- [Source data]:
☆ ☆ ☆ ☆ ☆
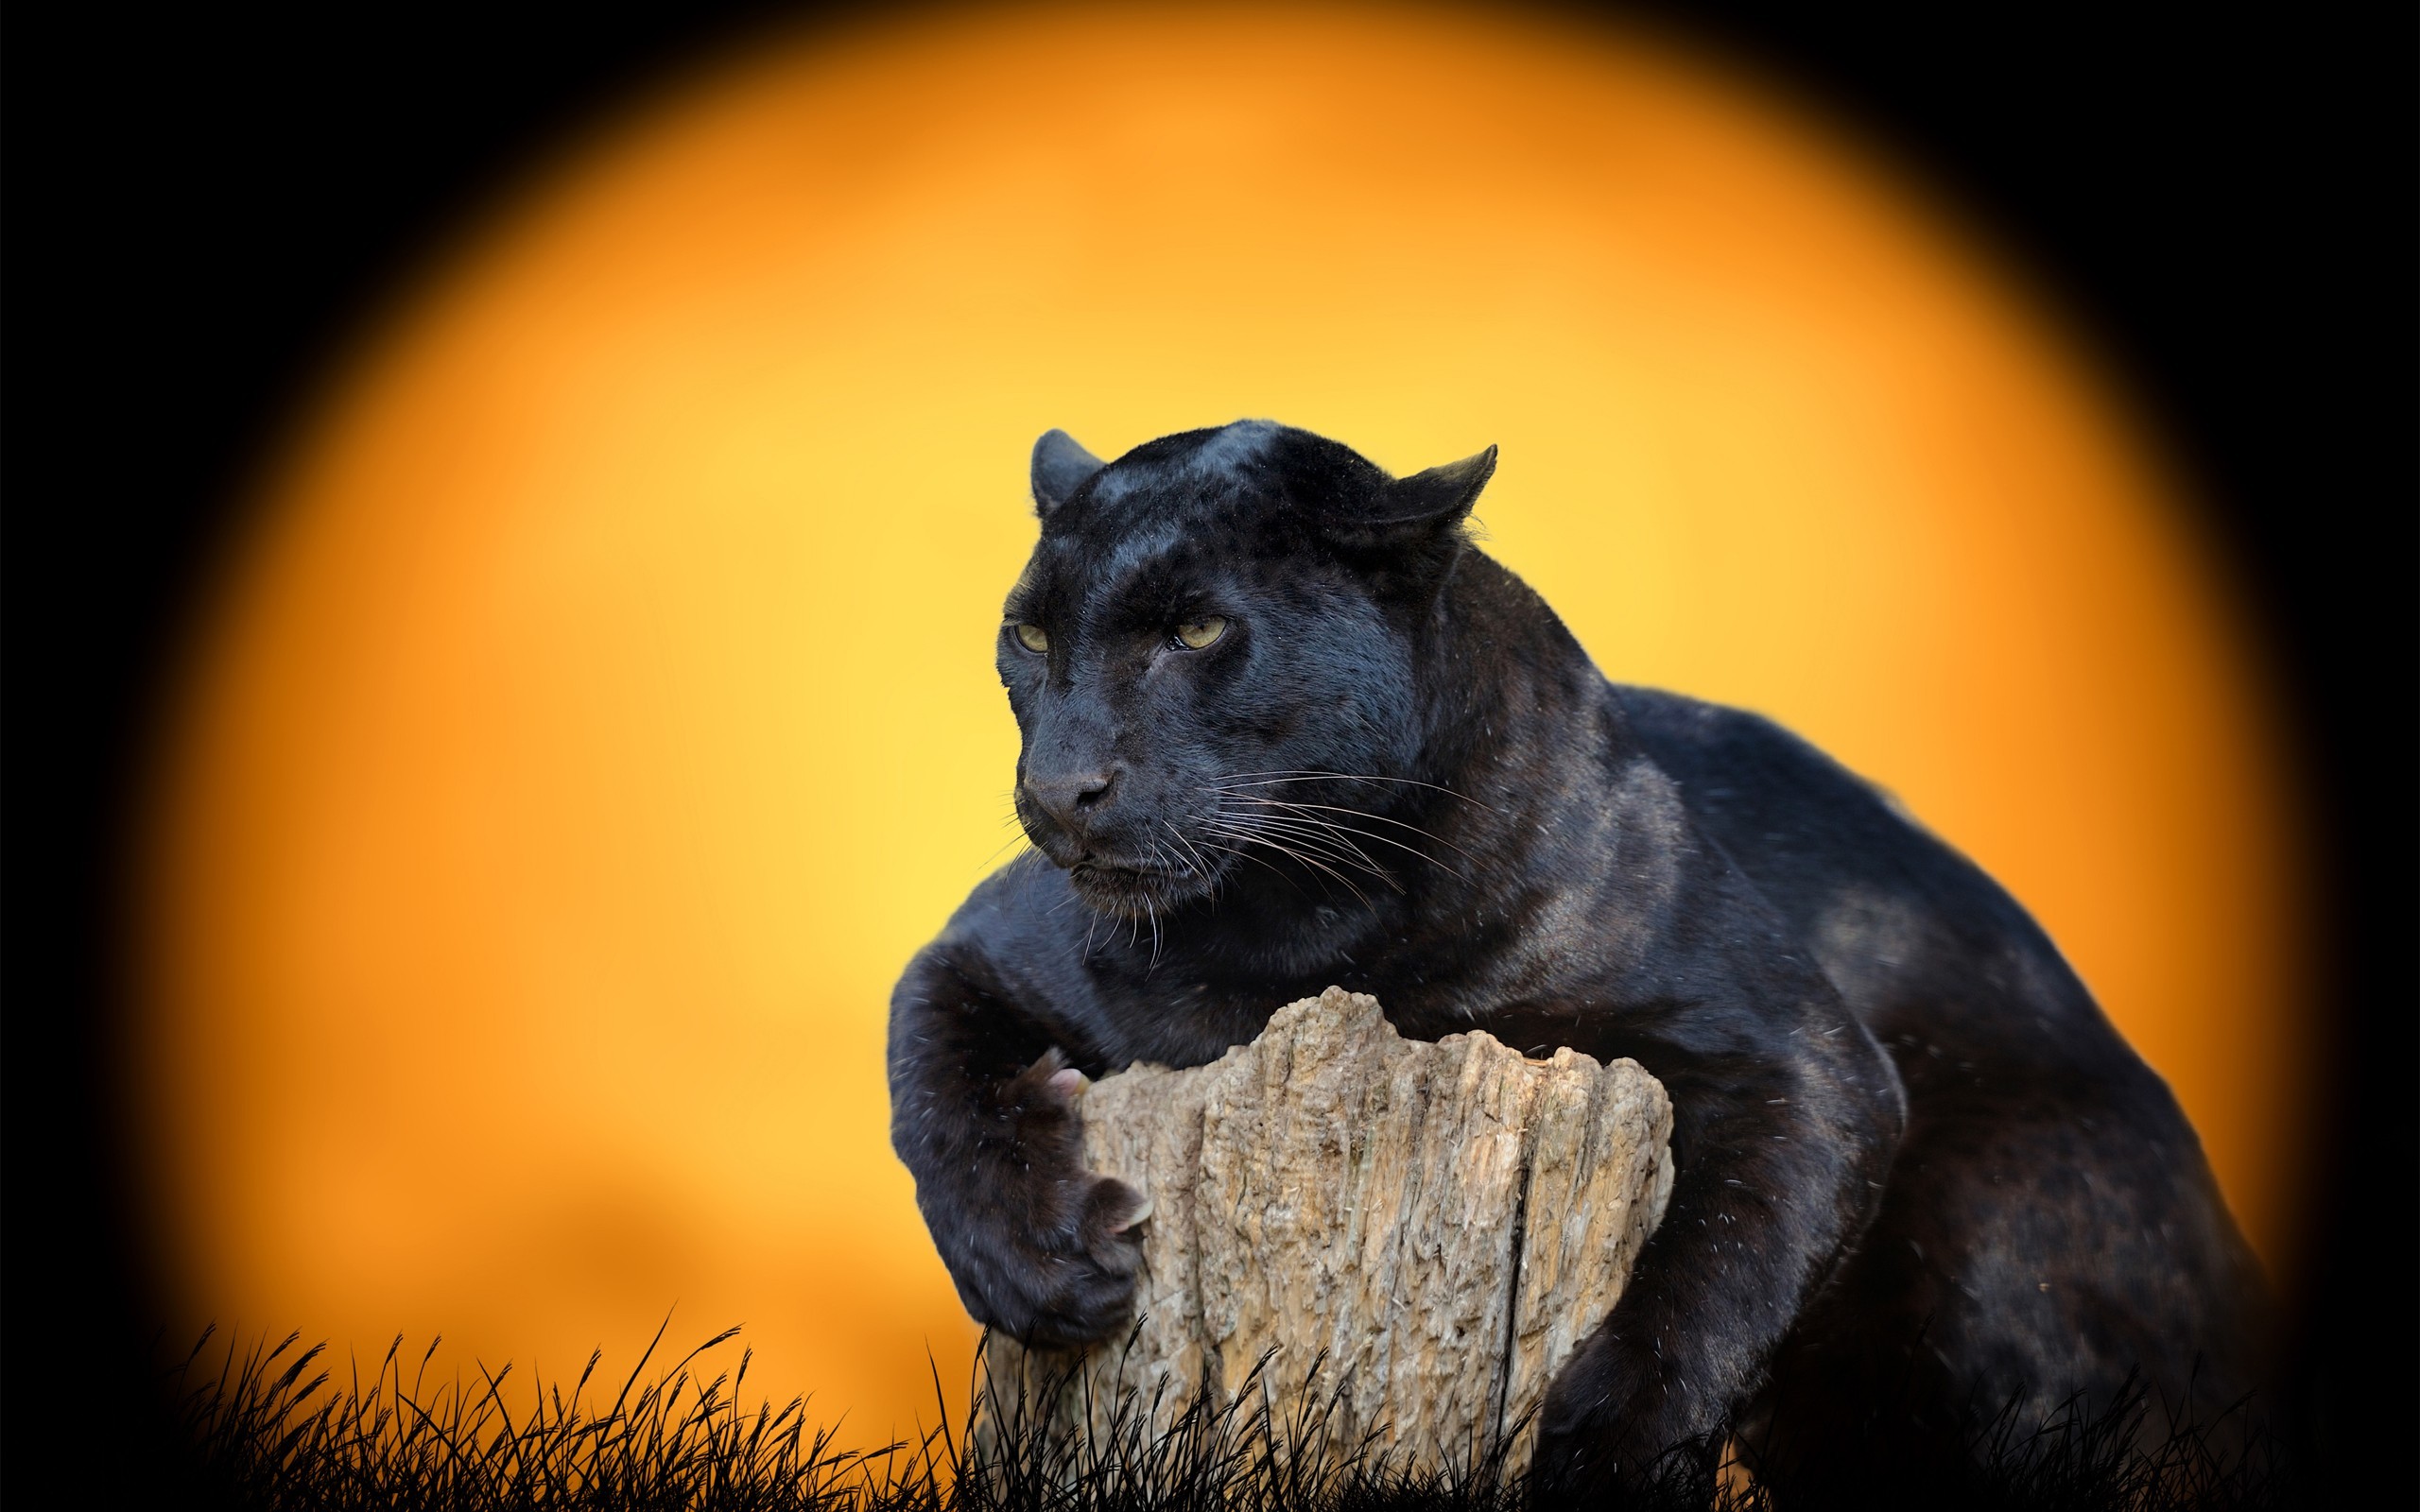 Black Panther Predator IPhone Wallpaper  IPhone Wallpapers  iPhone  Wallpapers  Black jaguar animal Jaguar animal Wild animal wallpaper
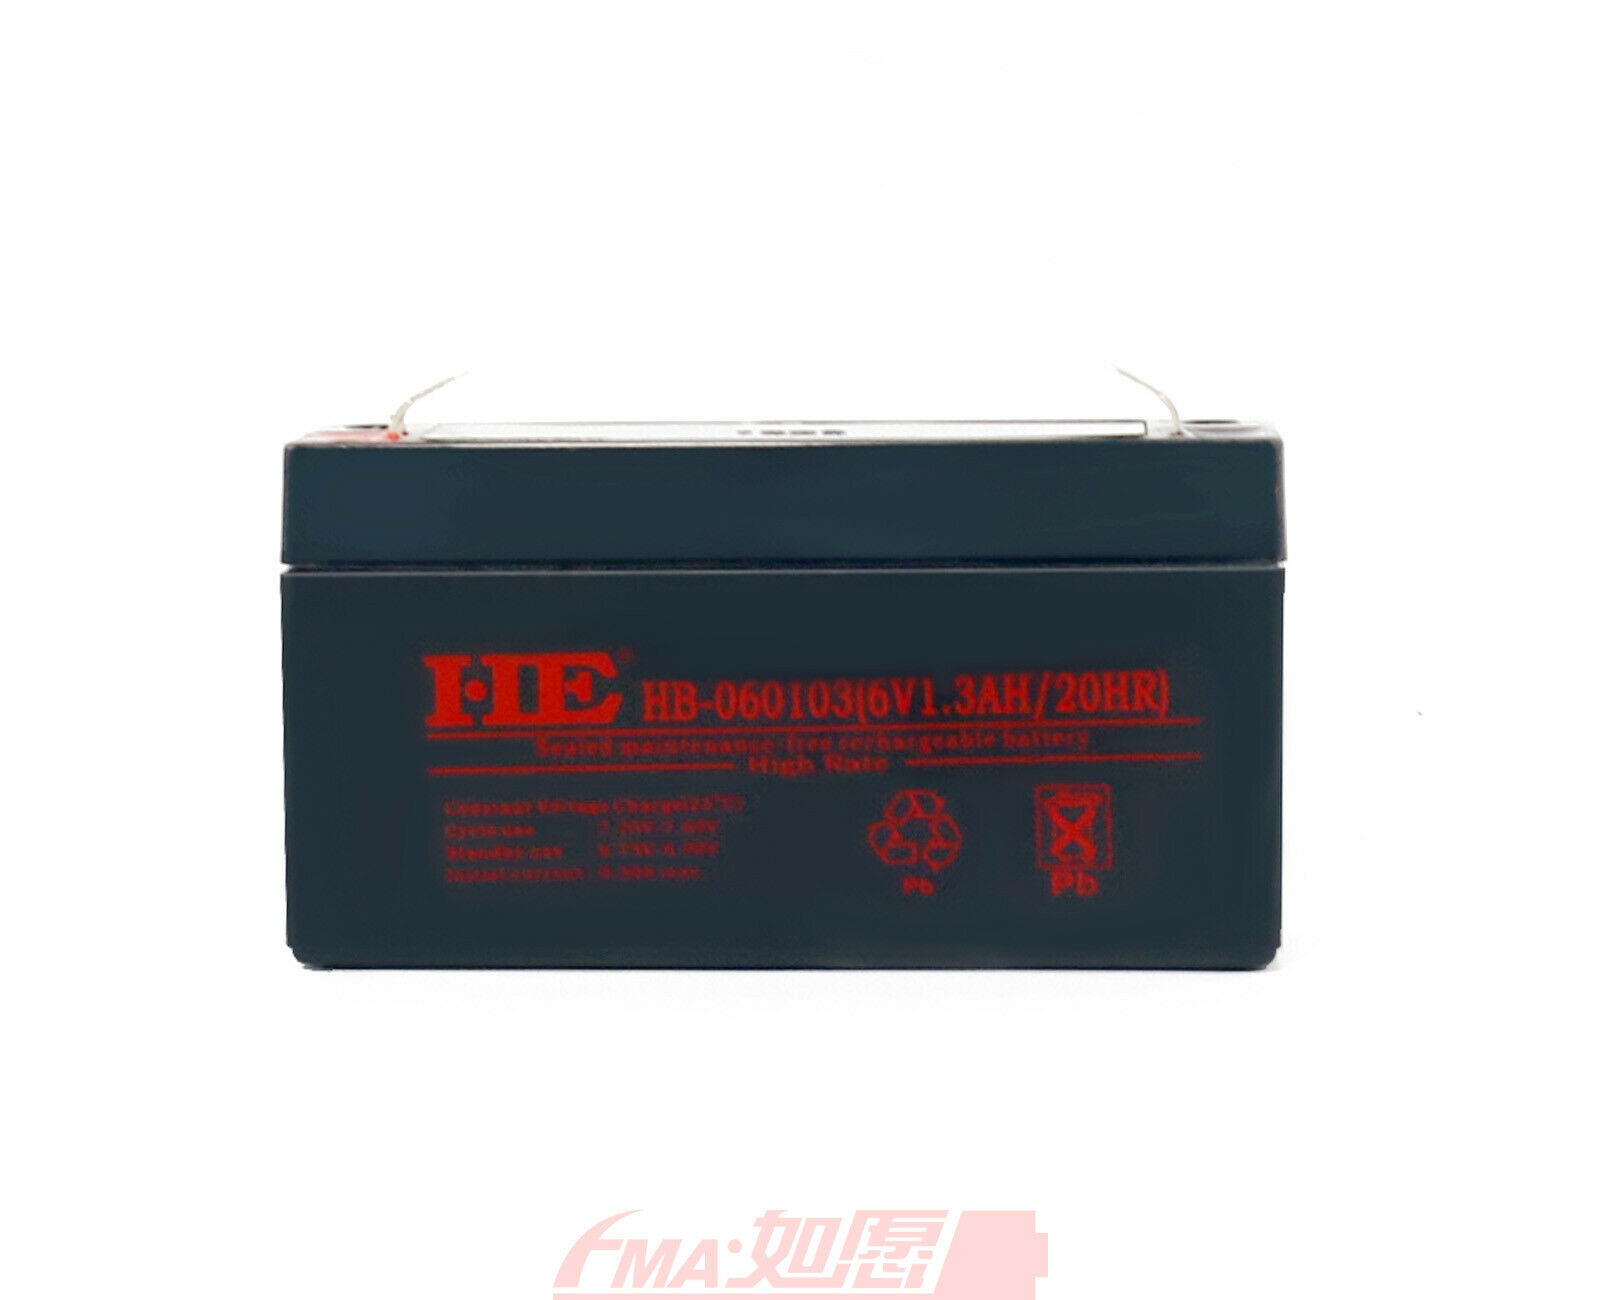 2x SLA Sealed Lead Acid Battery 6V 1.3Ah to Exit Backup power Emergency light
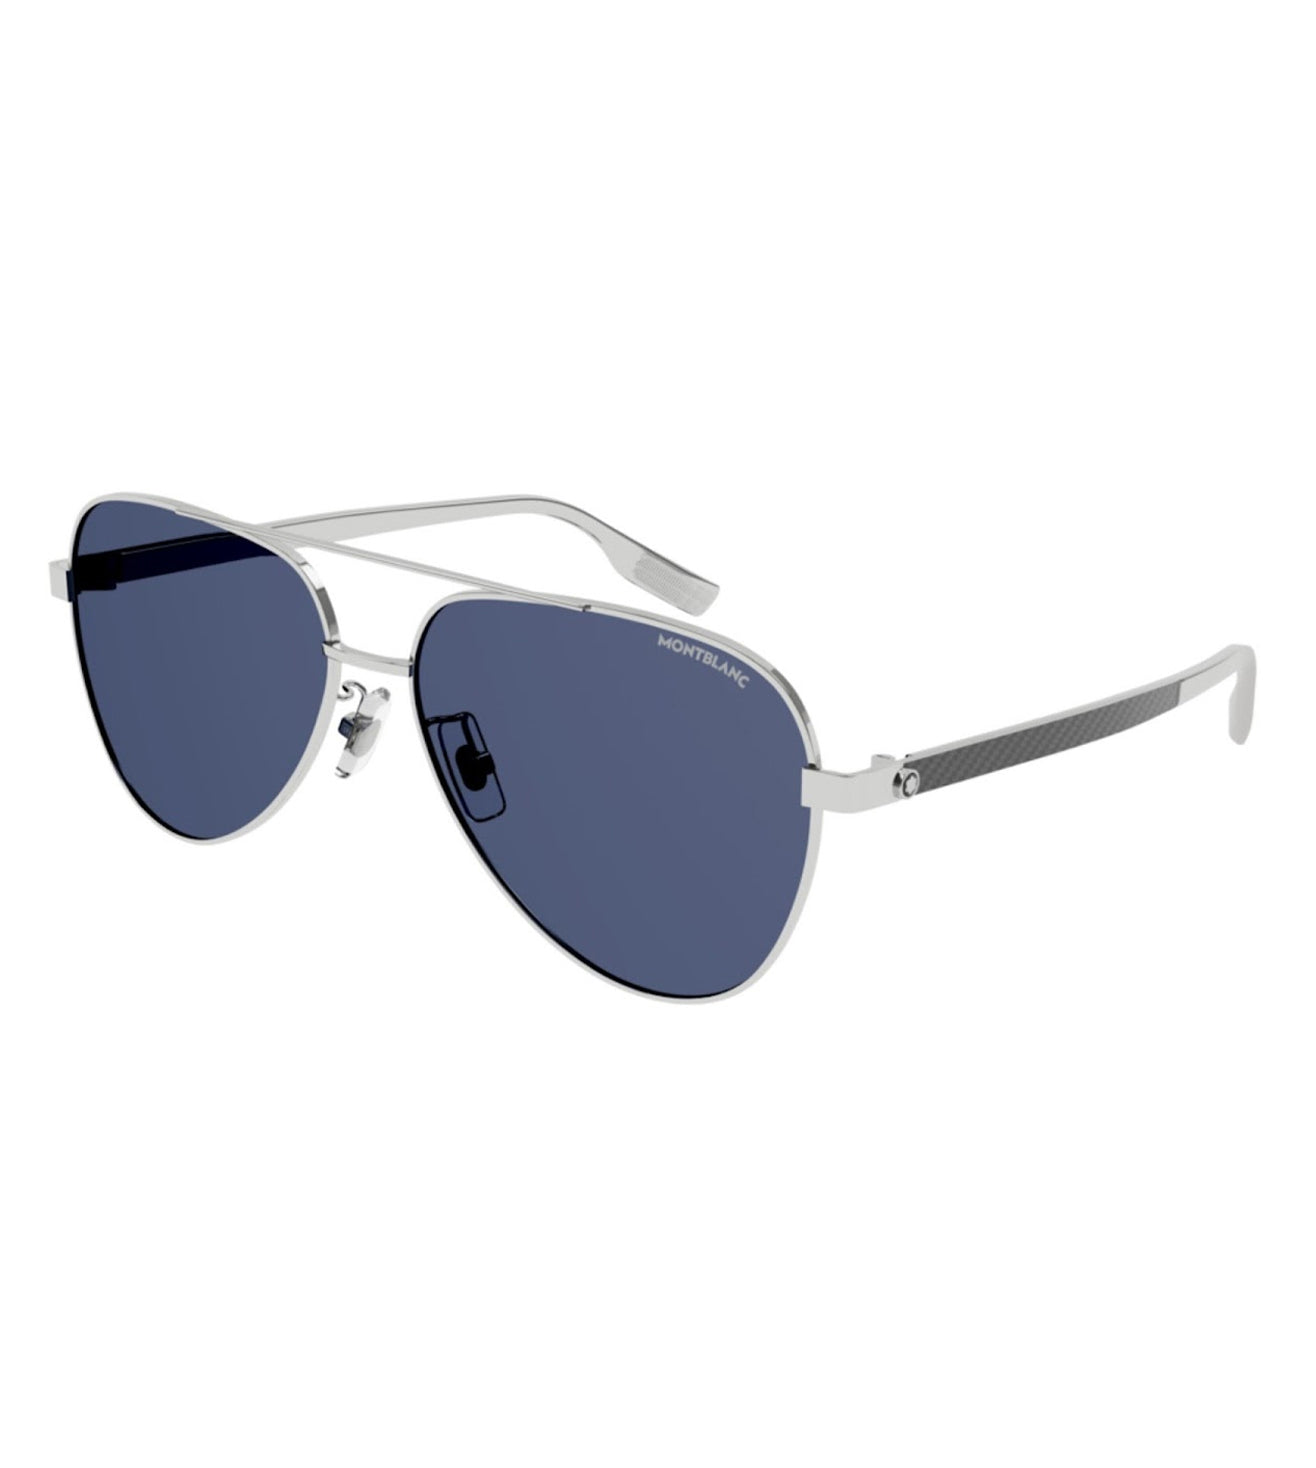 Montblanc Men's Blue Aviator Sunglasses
☆ ☆ ☆ ☆ ☆
- [Work task]: Produce an exact copy of every line above, with the images left out.

- [Result for this task]:
 Black Panther Predator IPhone Wallpaper  IPhone Wallpapers  iPhone  Wallpapers  Black jaguar animal Jaguar animal Wild animal wallpaper
 2x SLA Sealed Lead Acid Battery 6V 1.3Ah to Exit Backup power Emergency light
 Montblanc Men's Blue Aviator Sunglasses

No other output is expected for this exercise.